Three-quarters of the endocarditis patients were HIV-positive‚ but Meel and Essop said a bigger problem was the fact that 58% also had hepatitis C. In addition to long-term risks such as liver cirrhosis and cancer‚ this made surgery more risky.

“In addition significant costs are associated with the treatment of hepatitis C infection‚ often in non-compliant patients‚ who frequently have other concurrent opportunistic infections associated with HIV.”

Meel and Essop said most of the 58 patients who did not die responded to antibiotics or refused surgery.
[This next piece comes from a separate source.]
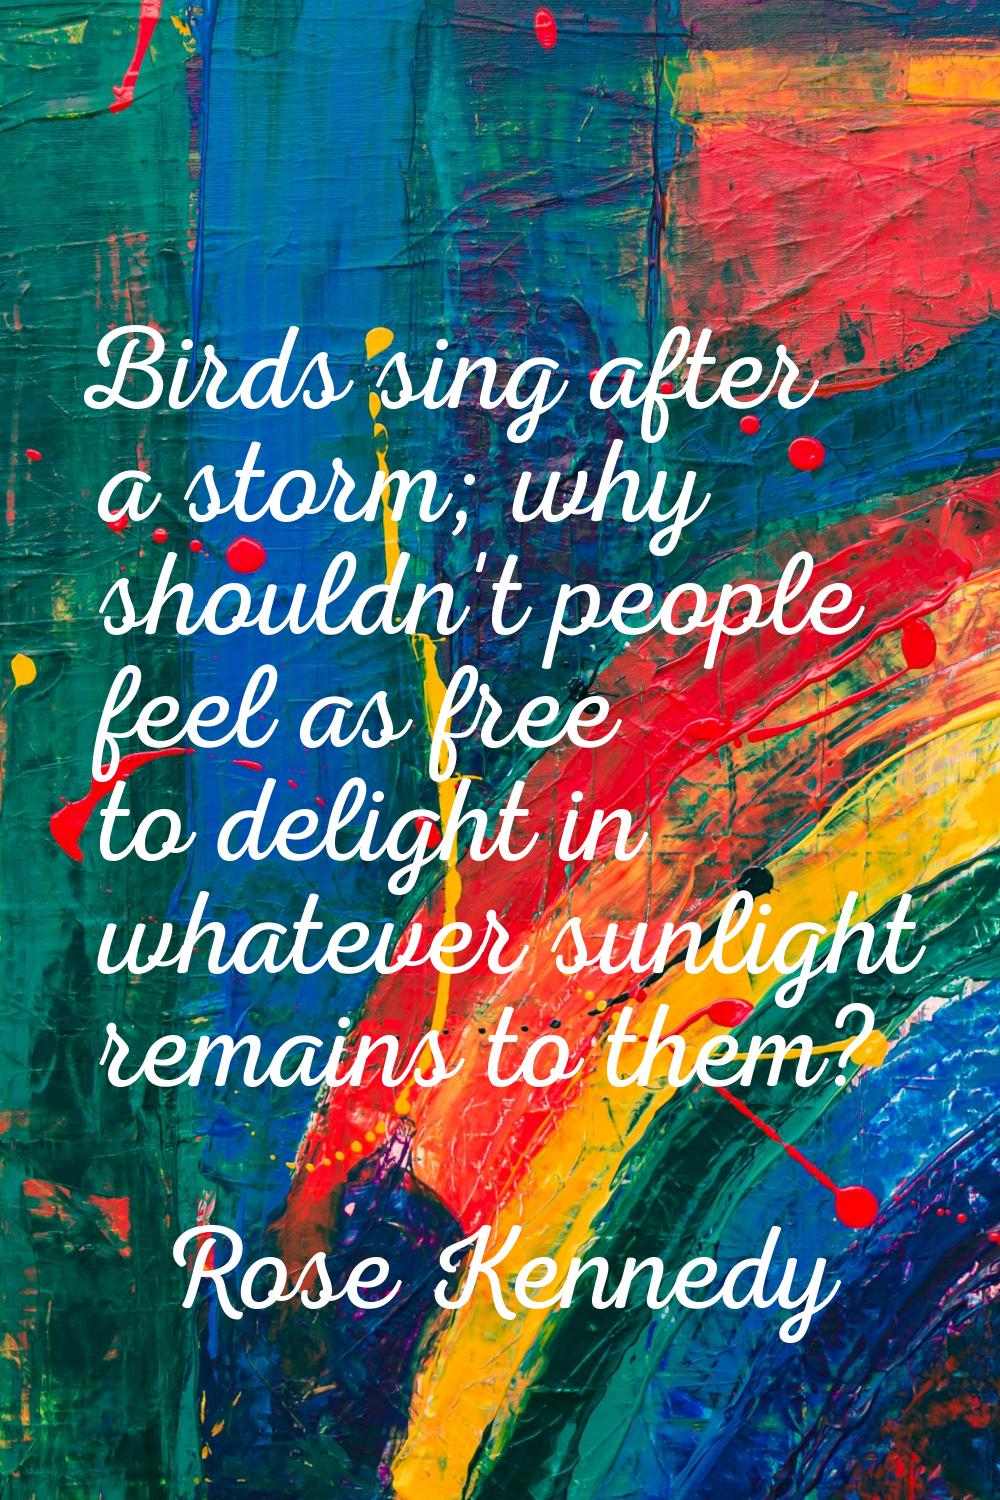 Birds sing after a storm; why shouldn't people feel as free to delight in whatever sunlight remains

Three patients had “destroyed” heart valves replaced. “Whether surgery has performed in intravenous drug-users has been a subject of debate‚ and it is our opinion that this decision must be individualised‚ especially in a resource-limited setting‚” they said.
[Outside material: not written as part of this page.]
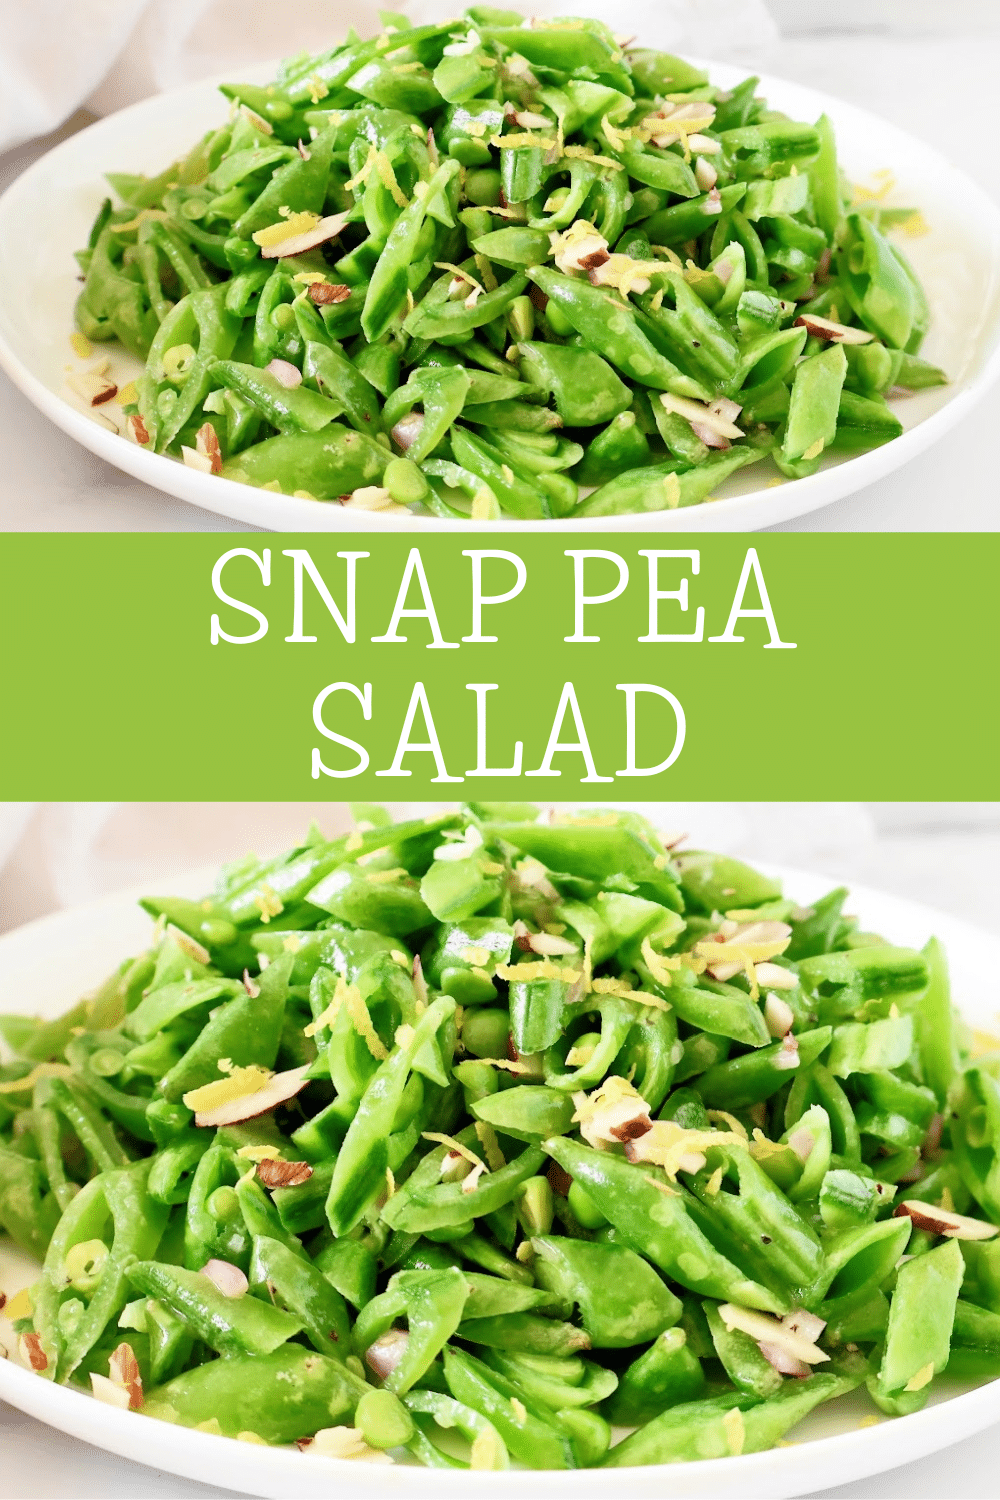 Fresh and flavorful Snap Pea Salad recipe! Crisp sugar snap peas tossed with toasted almonds and a zesty lemon dressing. Perfect for a light lunch or side dish. Vegetarian and vegan-friendly. #SnapPeaSalad #VegetarianRecipes #HealthyEating via @thiswifecooks

“According to the limited available literature‚ surgery should be offered for the first episode of infective endocarditis in intravenous drug users who are willing to undergo rehabilitation.

“If the patient presents with a second episode … he or she should probably not qualify for further surgical intervention.”

Background: We have recently noted a dramatic rise in the number of patients with infective endocarditis (IE) related to intravenous (IV) nyaope (a mixture of heroin, cocaine and antiretroviral drugs) presenting to Chris Hani Baragwanath Academic Hospital in Johannesburg, South Africa.
Objectives: To document the clinical and echocardiographic characteristics of these patients.
Methods: Clinical and echocardiographic characteristics of all patients (N=68) with IE due to IV nyaope use were retrospectively extracted from hospital records (December 2014 – February 2017).
Results: The mean (standard deviation) age of the patients was 25.8 (4.5) years (97.1% were male). Withdrawal symptoms were noted in 25.1% of cases, fever in 58.8%, dyspnoea in 86.7% and right ventricular failure in 42.6%. Most patients were HIV-positive (76.1%), with CD4+ cell counts of <200 cells/µL in 8.8% of the total, 58.1% had hepatitis C infection, and only three were on antiretrovirals. Septic pulmonary emboli were noted in 61.8%. Blood cultures revealed Staphylococcus aureus in 61.2%, Enterococcus faecalis in 8.8% and Pseudomonas aeruginosa in 1 patient; 29.2% had sterile cultures and 8.8% polymicrobial infection. Severe right ventricular systolic dysfunction (RVS' Doppler velocity <10 cm/s) and pulmonary hypertension were noted in 19.1% and 62.2% of patients, respectively. Pericardial effusion was noted in 37.8%. The most commonly involved valve was the tricuspid (60.1%), followed by the mitral (17.2%), aortic (2.9%) and pulmonary (1 patient) valves. Combined valve lesions were noted in 19.1% of patients. Ten patients (14.7%) died. The main predictor of in-hospital mortality was S. aureus infection (odds ratio 5.0; p=0.042).
Conclusions: We have documented the common clinical and echocardiographic characteristics of patients with IE secondary to IV nyaope use. IE due to IV drug use is responsible for considerable morbidity and mortality in a predominantly young male population.